Bij het versturen van een afbeelding, of om het even welke informatie, over het internet wordt aan de onderliggende data een beschermingsmechanisme toegevoegd. Het kan immers voorkomen dat tijdens het versturen een bit verloren gaat.
Eén van de mechanismes is het toevoegen van zogenaamde pariteitsbits. In onderstaande afbeelding zie je een eenvoudige 4x4 afbeelding. Denk aan een matrix opgebouwd uit de binaire 1 en 0 waarden. Aan deze afbeelding wordt vervolgens een extra rij en kolom toegevoegd zodat het aantal zwarte bits (die onderliggend de binaire waarde 1 voorstellen) in elke rij en elke kolom steeds even in.

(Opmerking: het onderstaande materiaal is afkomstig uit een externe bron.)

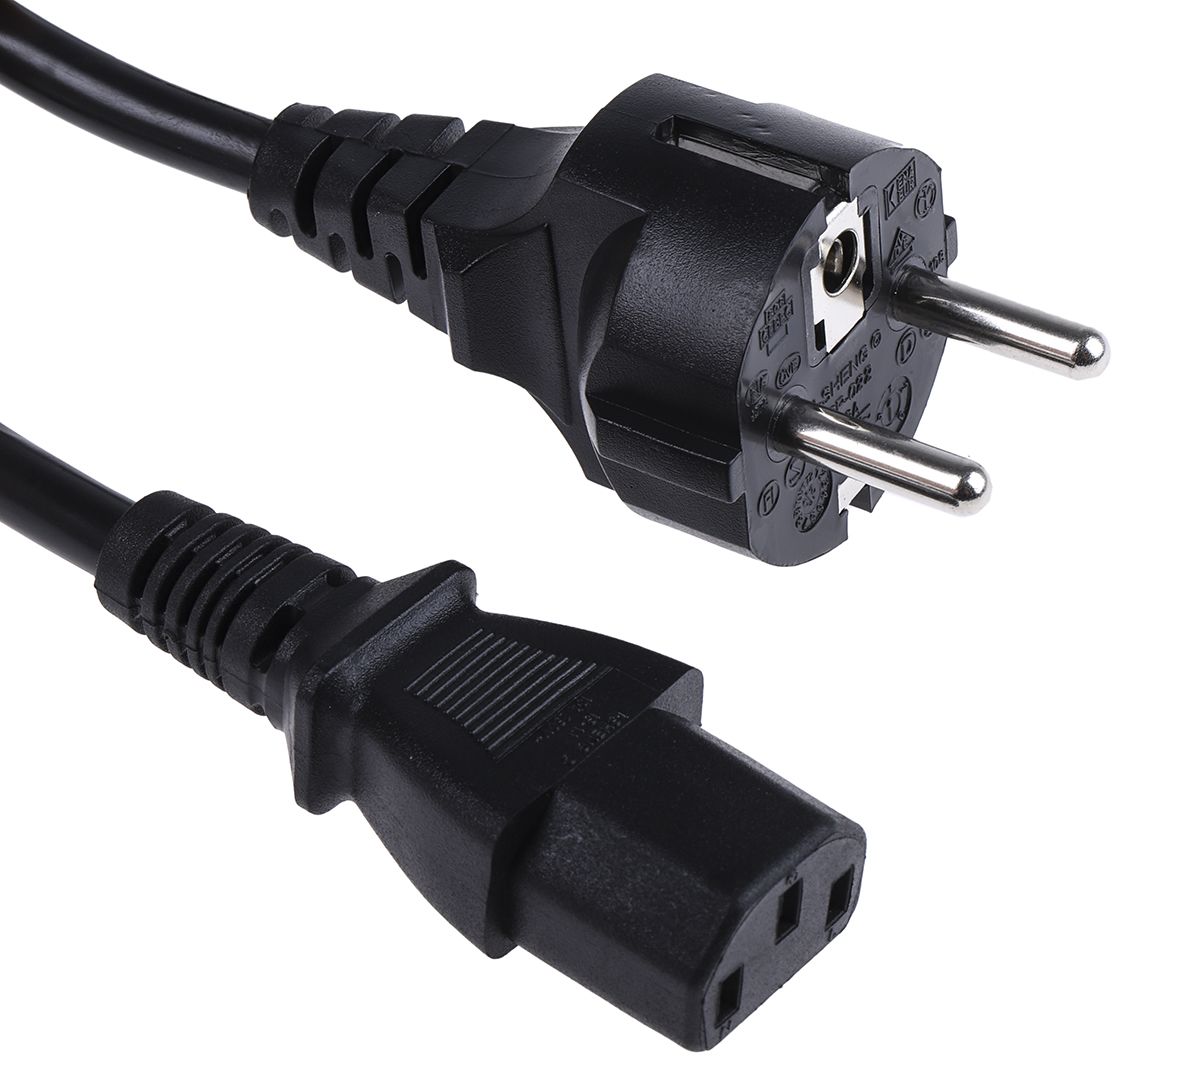 RS Pro 1m power cord, C13 to European Plug (CEE 7/7)

Na het toevoegen van deze rij en kolom zijn de gegevens beschermd tegen eenvoudig verlies aan informatie. Stel immers dat het ene rode vakje wisselt van waarde. Doordat het aantal zwarte vakjes in deze rij en in de bijbehorende kolom niet meer even is kan je gemakkelijk de foute bit achterhalen.
In deze oefening wordt de afbeelding voorgesteld met behulp van een vierkante matrix. Deze matrix wordt opgebouwd uit 0
en 1
waarden.
Schrijf een functie detecteer(matrix)
die gegeven een matrix de plaats van de foutieve bit bepaalt. De coördinaat van de foutieve bit wordt vervolgens geretourneerd.

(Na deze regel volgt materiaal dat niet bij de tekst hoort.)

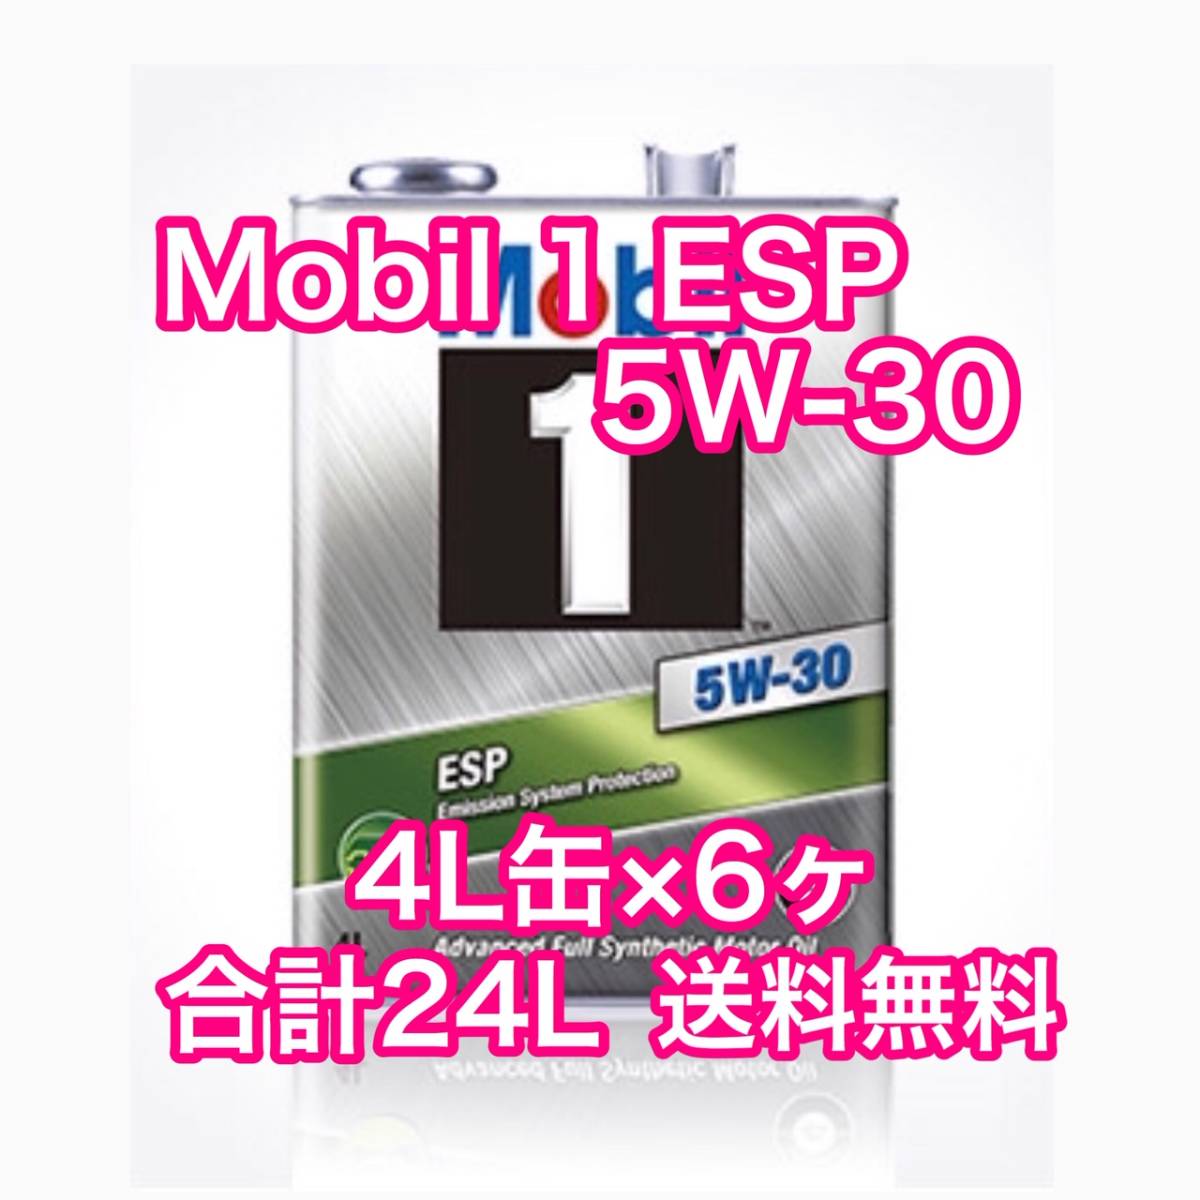 Mobil 1 ESP 5W-30 合計24L モービル1 送料無料_画像1

>>> detecteer([[1, 0, 0, 1 ,0],
[1, 1, 0, 1 ,0],
[0, 1, 0, 1, 0],
[0, 1, 1, 1, 1],
[0, 1, 1, 1, 1]])
(1,3)
Op de tweede rij en de vierde kolom (wat neer komt op rij 1 en kolom 3) staan immers telkens een oneven aantal 1
waarden.
>>> detecteer([[1, 1, 1, 1, 0, 0, 0],
[0, 1, 0, 0, 1, 0, 0],
[1, 0, 1, 0, 0, 0, 0],
[0, 0, 1, 1, 1, 1, 0],
[0, 1, 0, 1, 0, 1, 1],
[1, 0, 0, 1, 1, 1, 1],
[1, 1, 1, 1, 1, 1, 0]])
(5,3)
Op de zesde rij en vierde kolom vind je immers steeds een oneven aantal 1
waarden.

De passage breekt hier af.